• _Supplied data_:
* * * * *
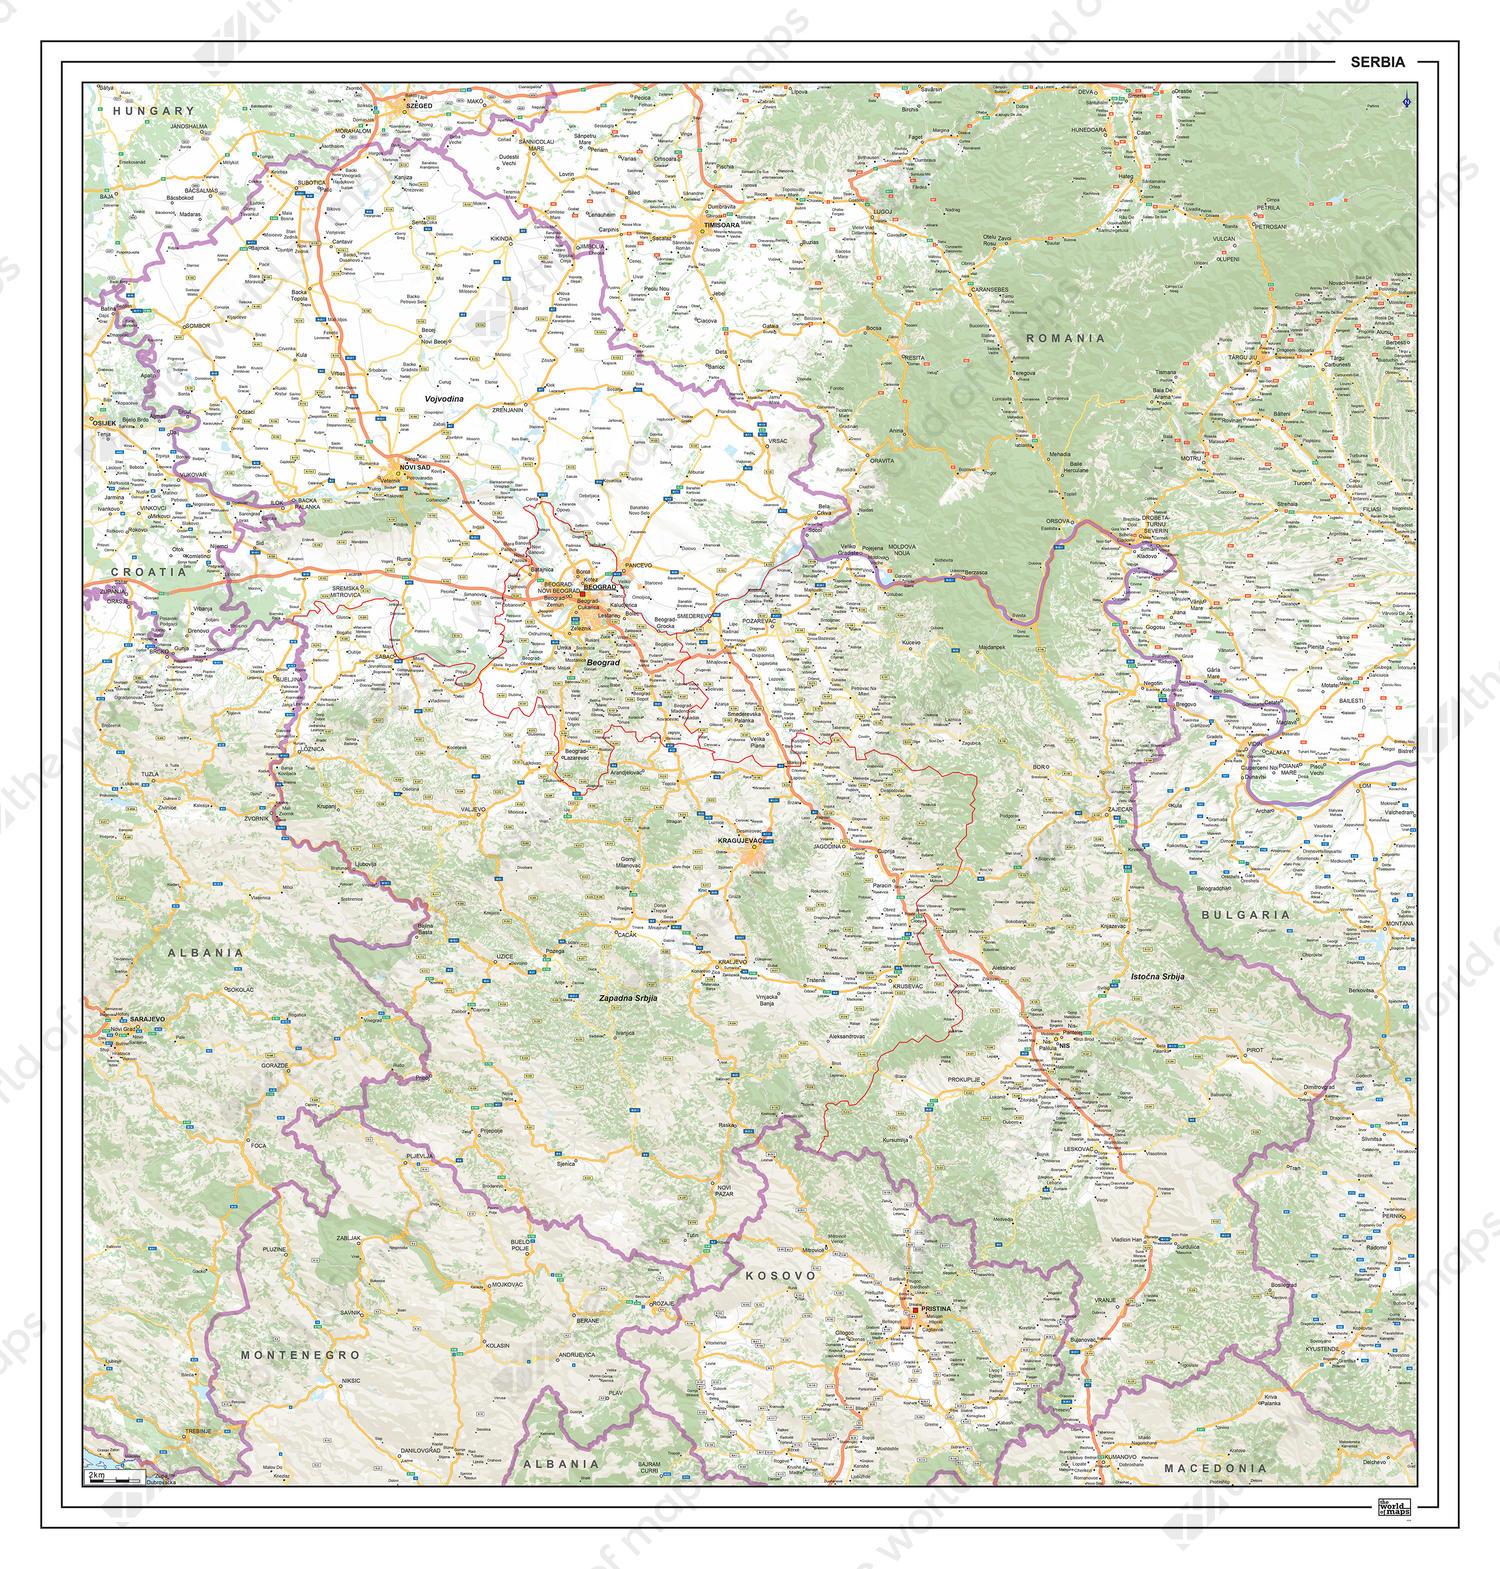 Digital Roadmap Serbia
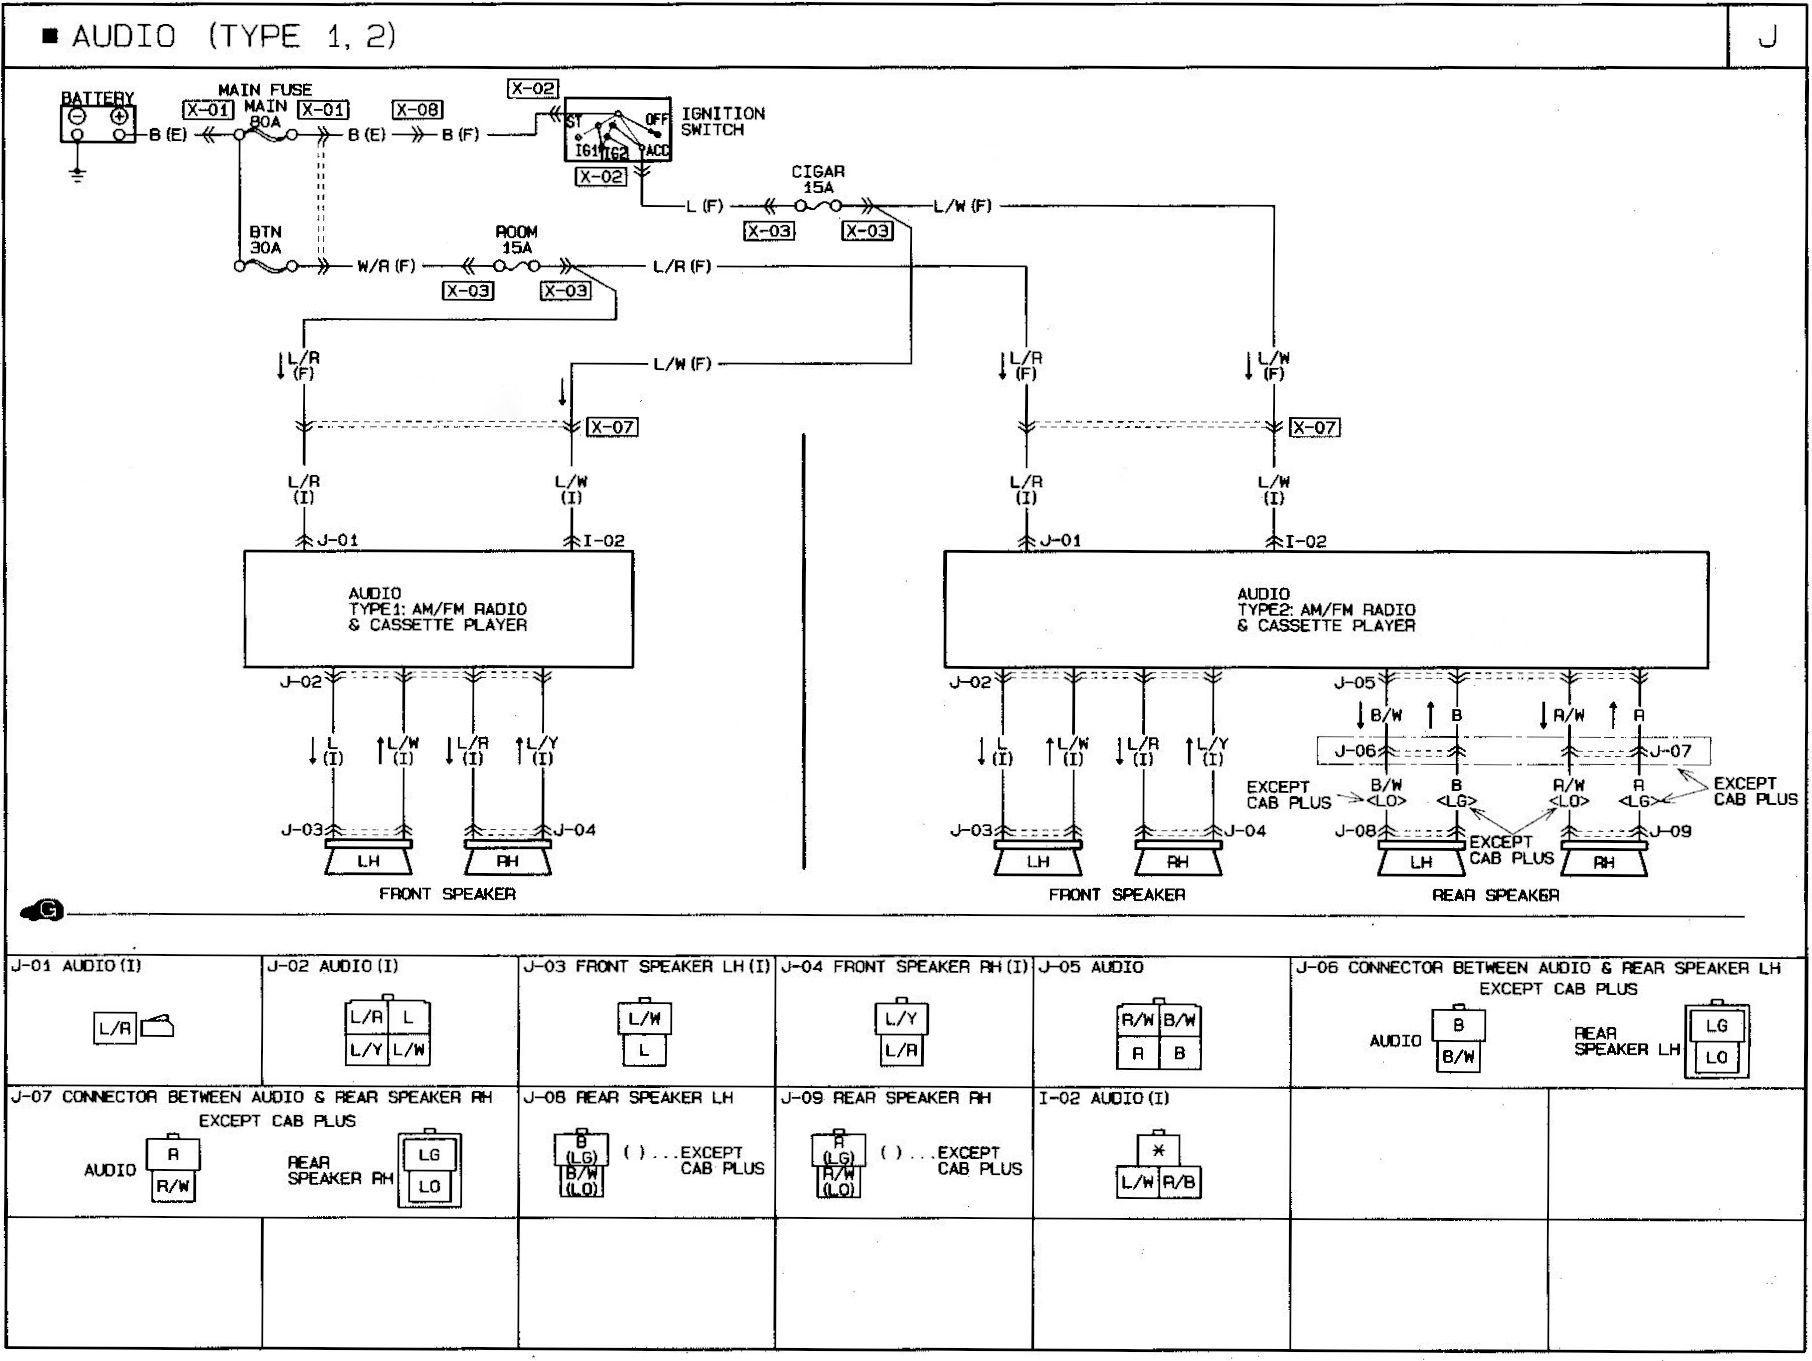 1988 mazda b2600 wiring diagram | wiring diagram multiple relate  boa gialla
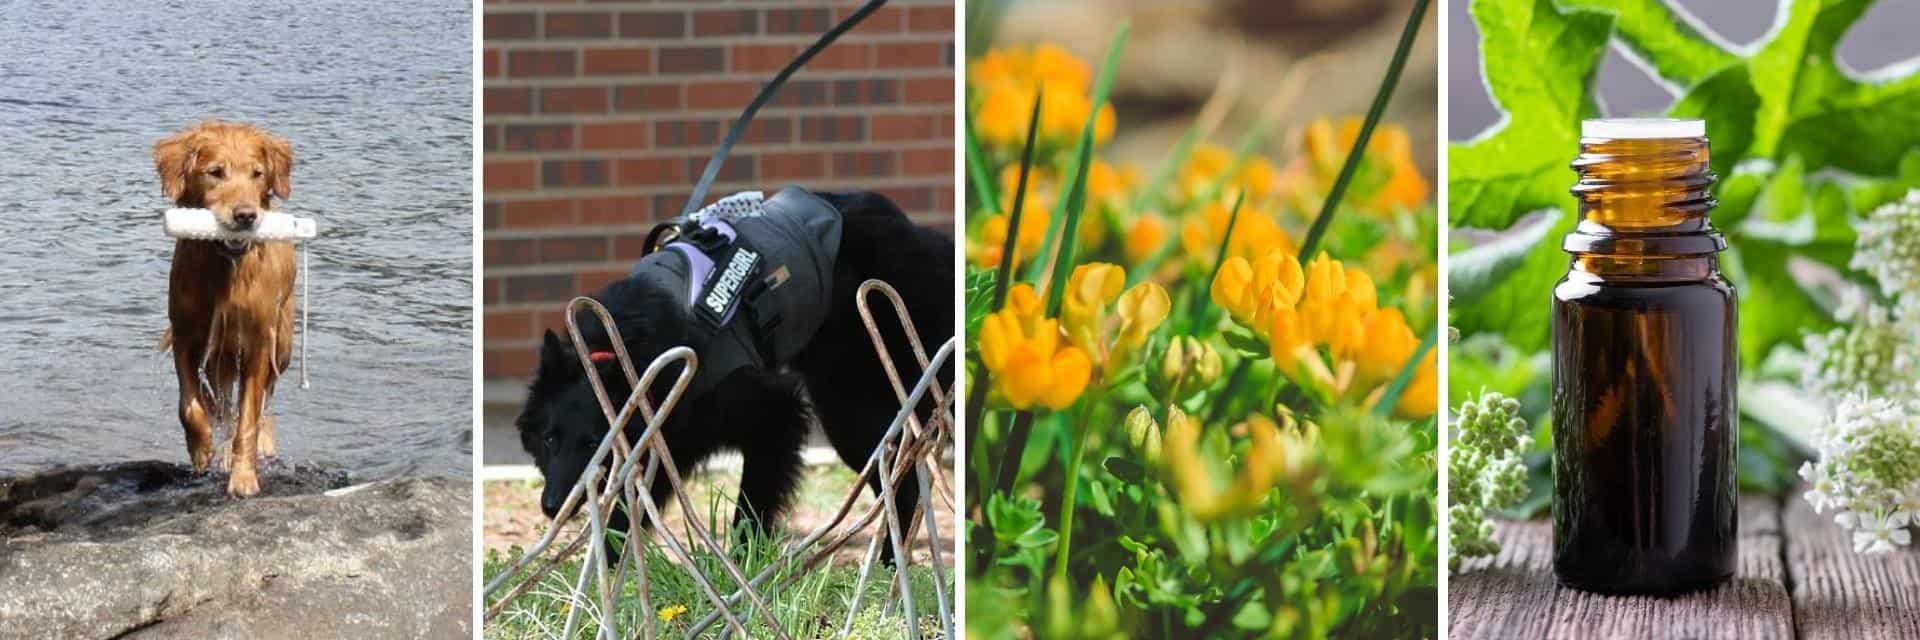 Aldaron flower essence blends for dogs - success stories
* * * * *
• _Required action_: Leave out the images and write out the listing above exactly.

• _Answer to the exercise_:
 Digital Roadmap Serbia
 1988 mazda b2600 wiring diagram | wiring diagram multiple relate  boa gialla
 Aldaron flower essence blends for dogs - success stories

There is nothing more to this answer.